Iraqi tanks advance through the desert towards the town of Al-Qaim on the Syrian border which they recaptured from the Islamic State group on November 3, 2017

A commander with the Iranian-allied Shiite militias fighting in Iraq argued this week that U.S. military troops who continue to back the Middle Eastern country’s forces against the Islamic State (ISIS/ISIL) pose a threat to the nation’s unity.

Known as the Hashd al-Shaabi, Arabic for the Popular Mobilization Forces/Units (PMF/PMU), the umbrella organization made up predominantly of Iranian-backed Shiite militias has been fighting ISIS alongside American troops and their allies in Iraq.
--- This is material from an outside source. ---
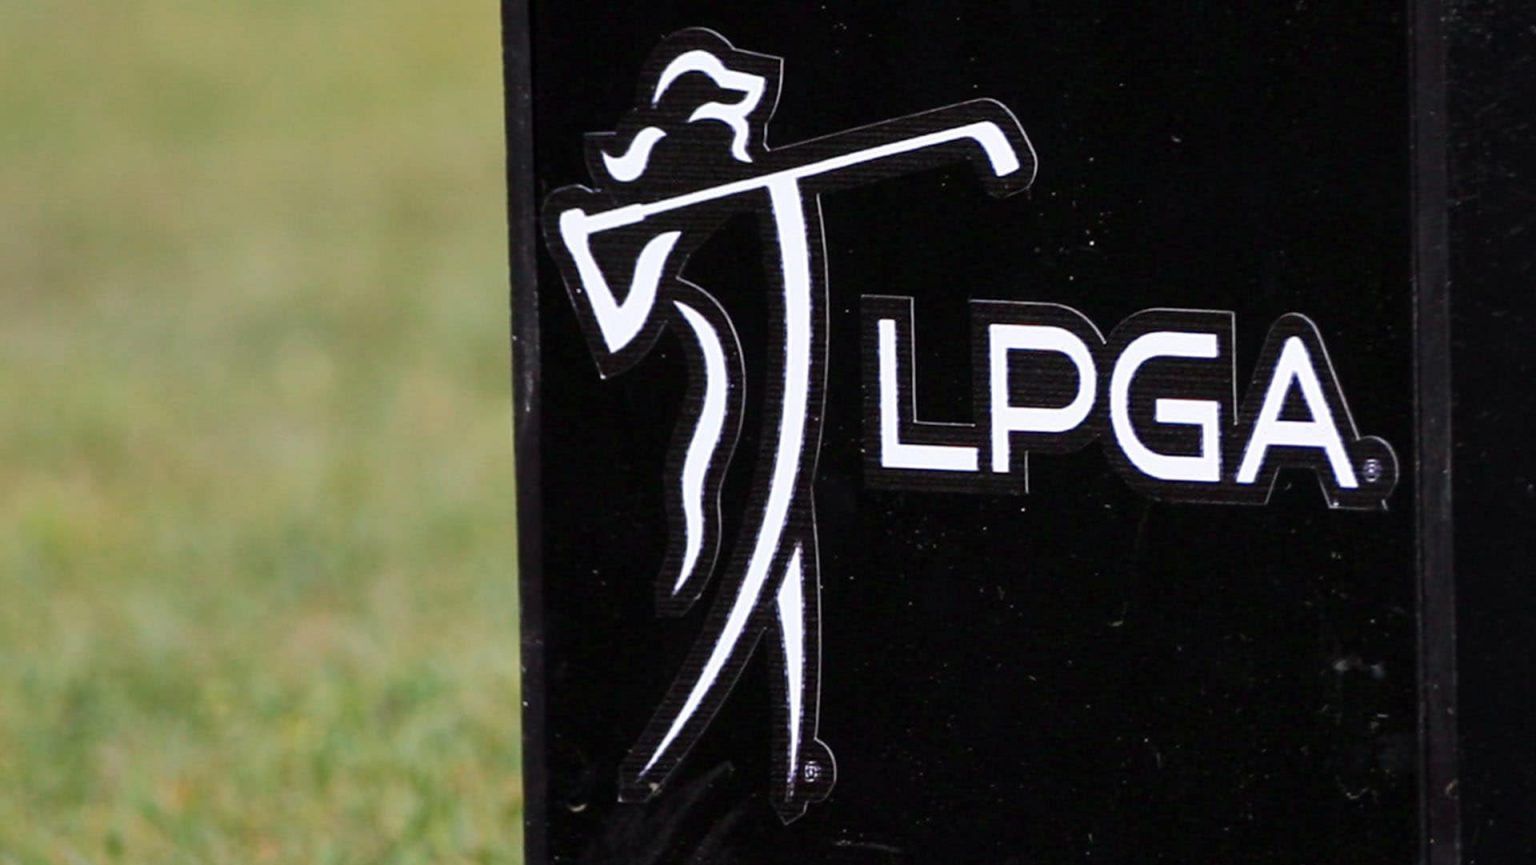 LPGA_1920_logo_teemarker

Nevertheless, members of Congress have proposed a bipartisan bill to designate at least two PMF components—Asaib Ahl al-Haq (League of the Righteous) and Harakat Hezbollah al Nujaba—as terrorist groups and give President Donald Trump 90 days to impose sanctions on them.

The proposal has prompted some of the Shiite militiamen to deem the American troops in Iraq their “enemy.”
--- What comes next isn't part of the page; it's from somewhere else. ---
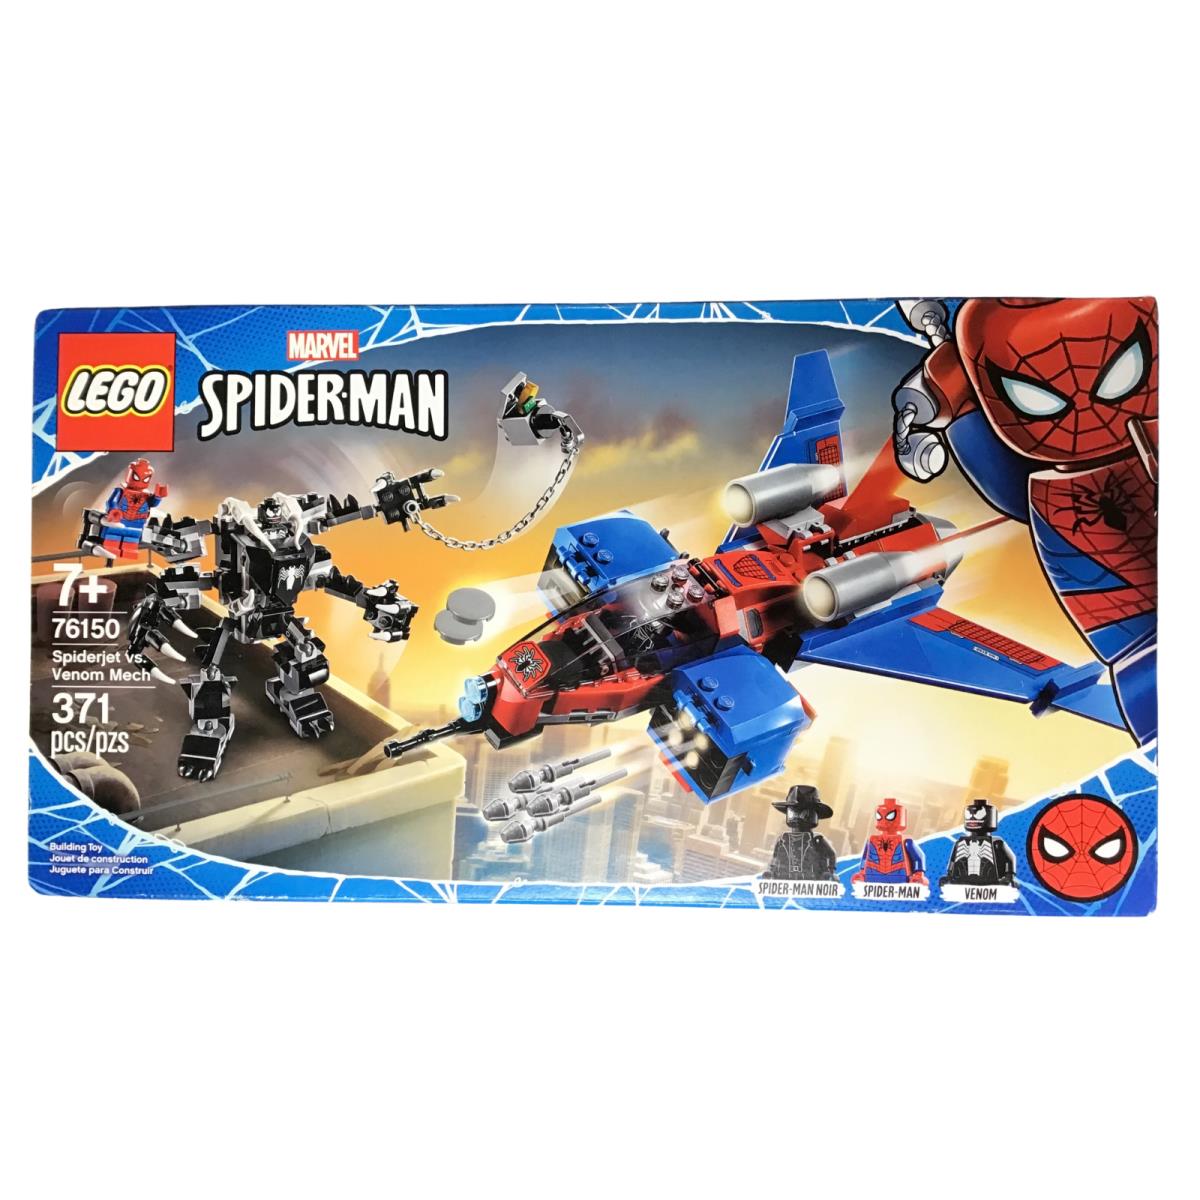 Lego 76150 Marvel Spider-man Spiderjet vs Venom Mech

Placing “Hashd al-Shaabi factions on the U.S. terror list is part of a plot against the entire outfit [PMF] because [the U.S. and their Sunni Gulf countries allies] have failed in dividing and fragmenting Iraq,” declared Jabbar al-Maamouri, a PMF commander, reports Kurdistan24, citing the Arabic-language Alsumaria News.
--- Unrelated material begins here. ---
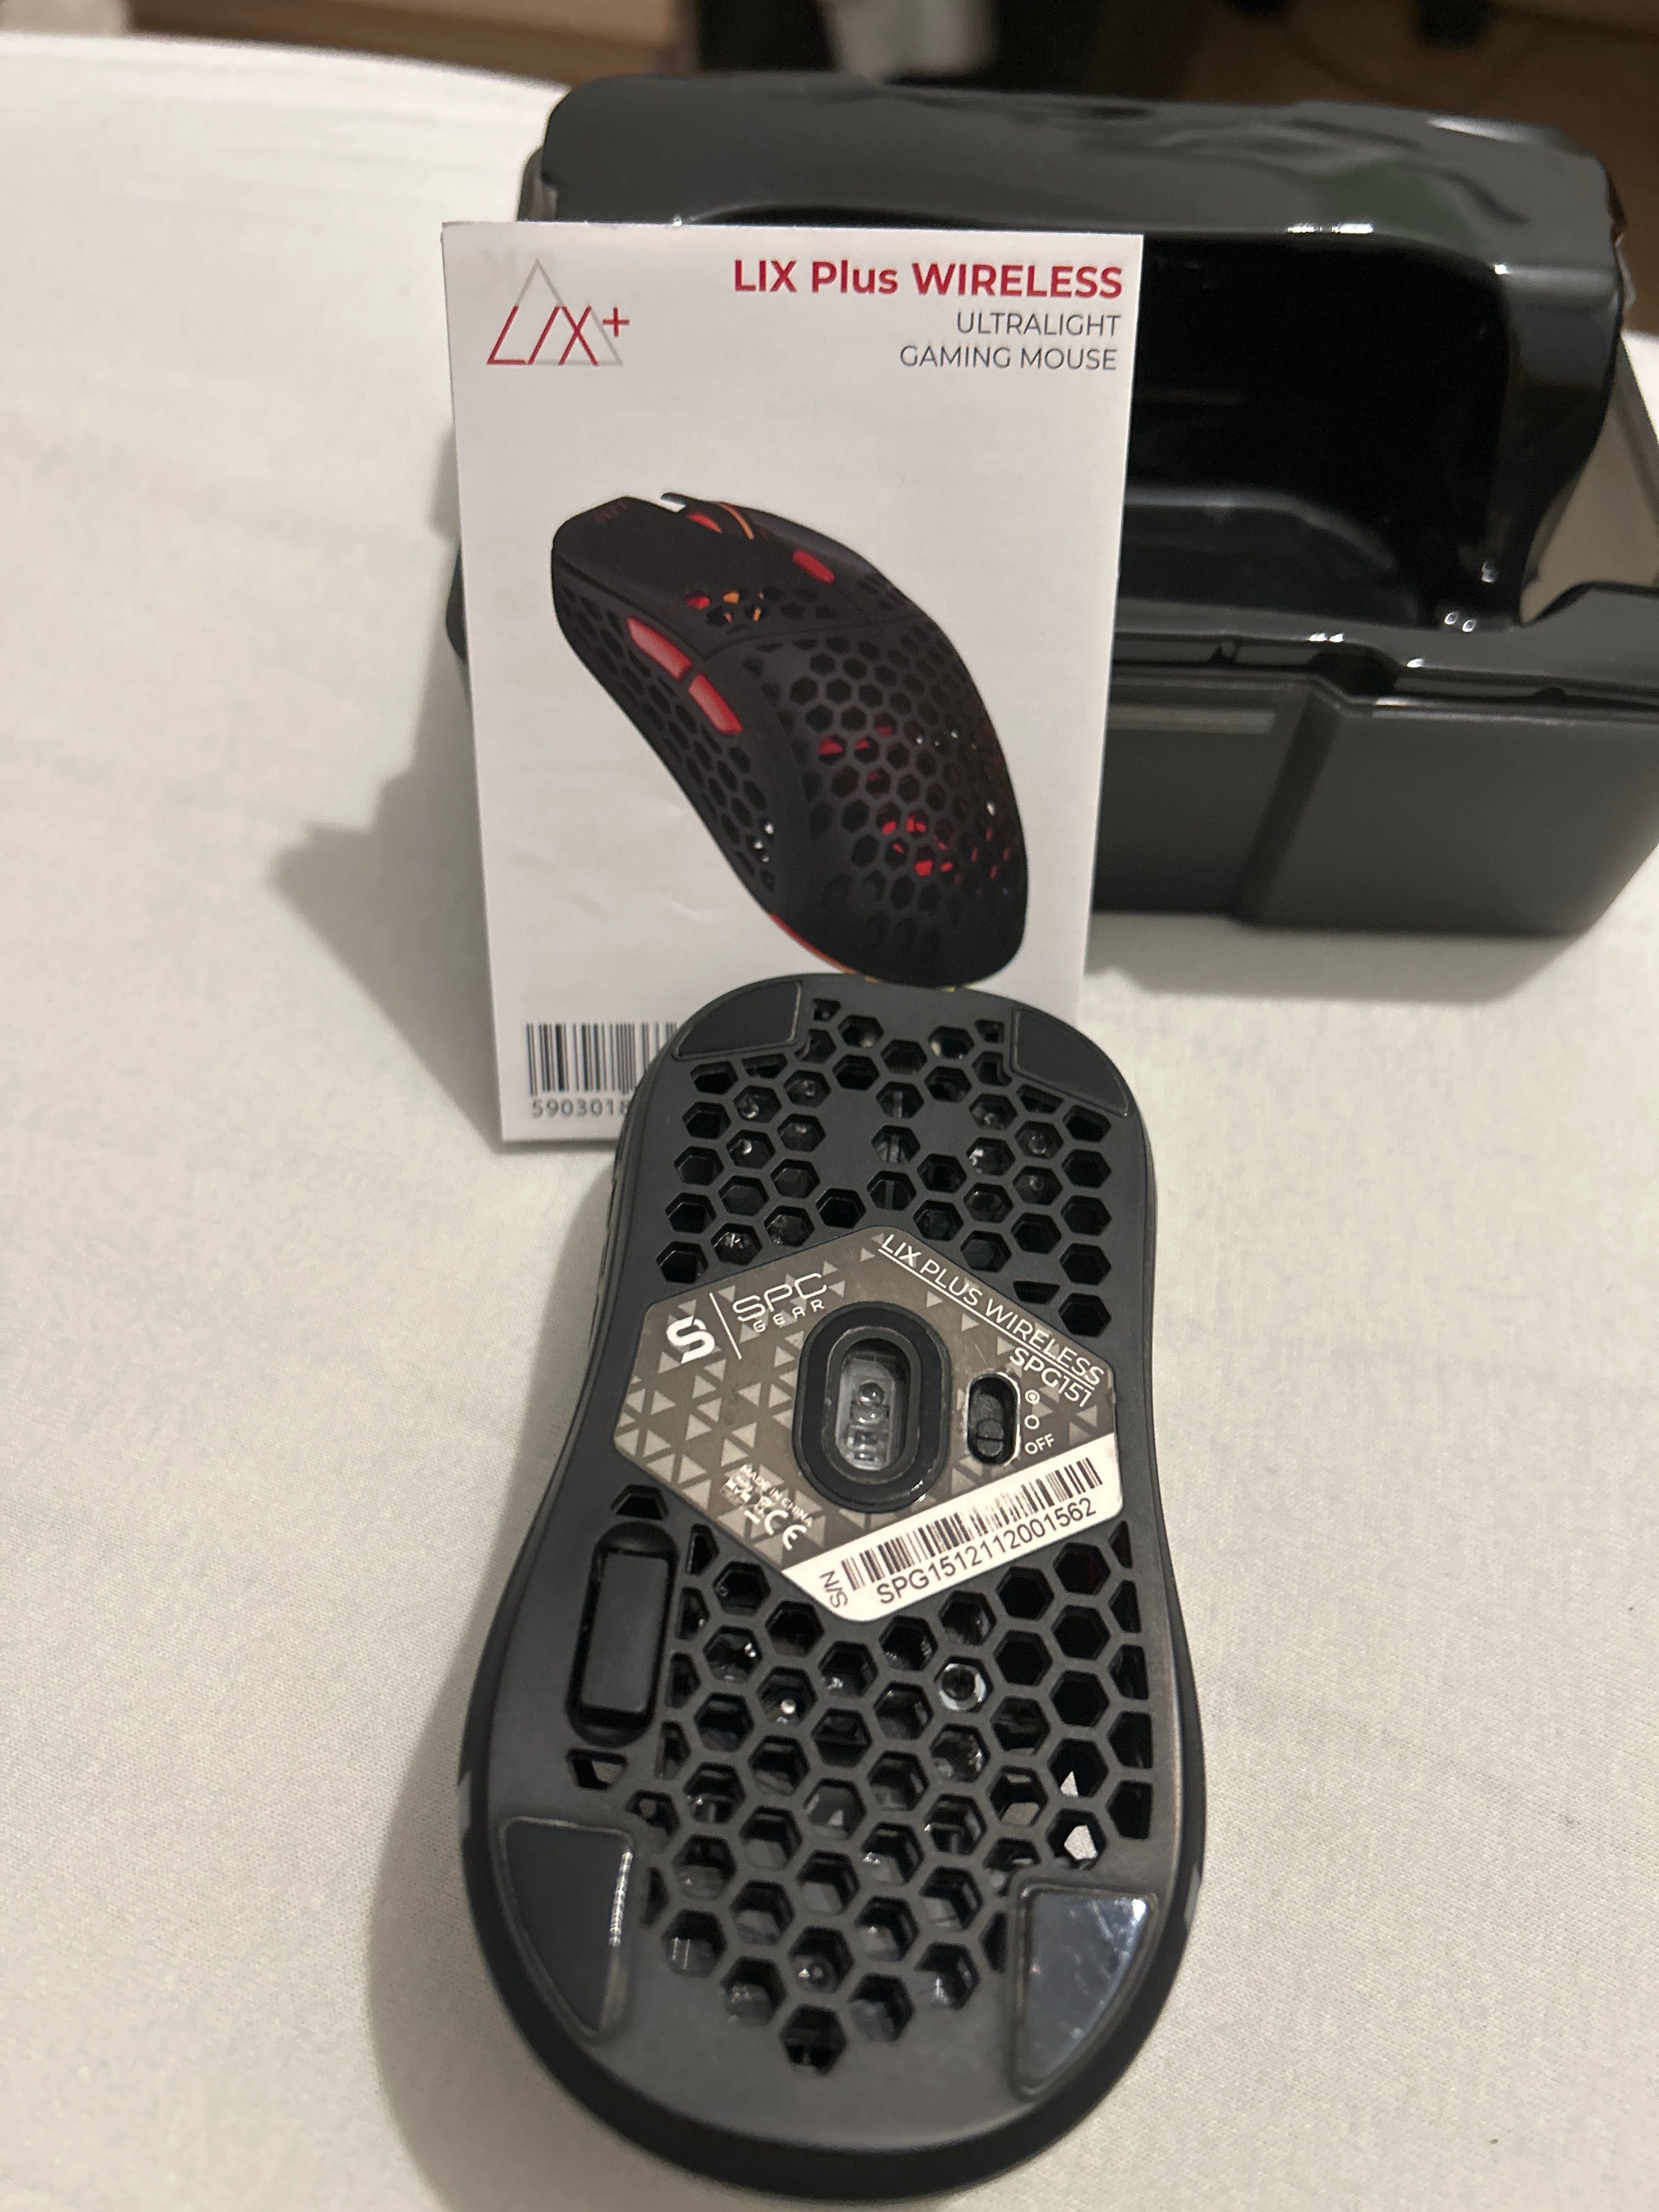 Myszka  Lix  Plus Wirelees ultralicht gaming mouse na gwarancji

The Shiite militia chief accused the U.S. and their alleged Sunni allies of trying to assassinate PMF members.

Iraq would continue to suffer “from conspiracies and acts of sedition” as long as the American troops maintain a presence in the country, added Maamouri, urging Shiites to unite against the U.S. military.

Several PMF factions, including the aforementioned Hezbollah Brigades and AAH, which has American blood on its hands, have threatened U.S. troops since they returned to Iraq in 2013 to combat ISIS.

The Institute for the Study of War reported in December 2012 that AAH claimed more than 6,000 attacks on U.S. troops between 2006 and 2011.

Experts estimate there are currently between 100,000 and 120,000 PMF fighters in Iraq.

Abdullatif al-Amidi, the commander of the Saraya al-Ashura PMF faction, recently threatened the U.S. as “our direct enemy,” demanding American troops leave.

Although American troops have fought alongside the PMF, praising them for their contribution to the fight against ISIS, U.S. Secretary of State Rex Tillerson recently urged the Shiite fighters to “go home.”

Rep. Ted Poe (R-TX) recently introduced the bipartisan Iranian Proxies Terrorist Sanctions Act of 2017 that imposes terrorist sanctions on “two of the most nefarious Iranian-controlled militias in Iraq and Syria: As-Saib Ahl Al-Haq and Harakat Hizballah Al-Nujaba,” notes the congressman’s office.

Reuters reports that the Iraqi government, which legalized the PMF as an official force within of the Iraqi military in November 2016, and Iraqi Prime Minister Haider al-Abadi oppose the bill, saying they would not permit anyone who fought ISIS to labeled as criminals.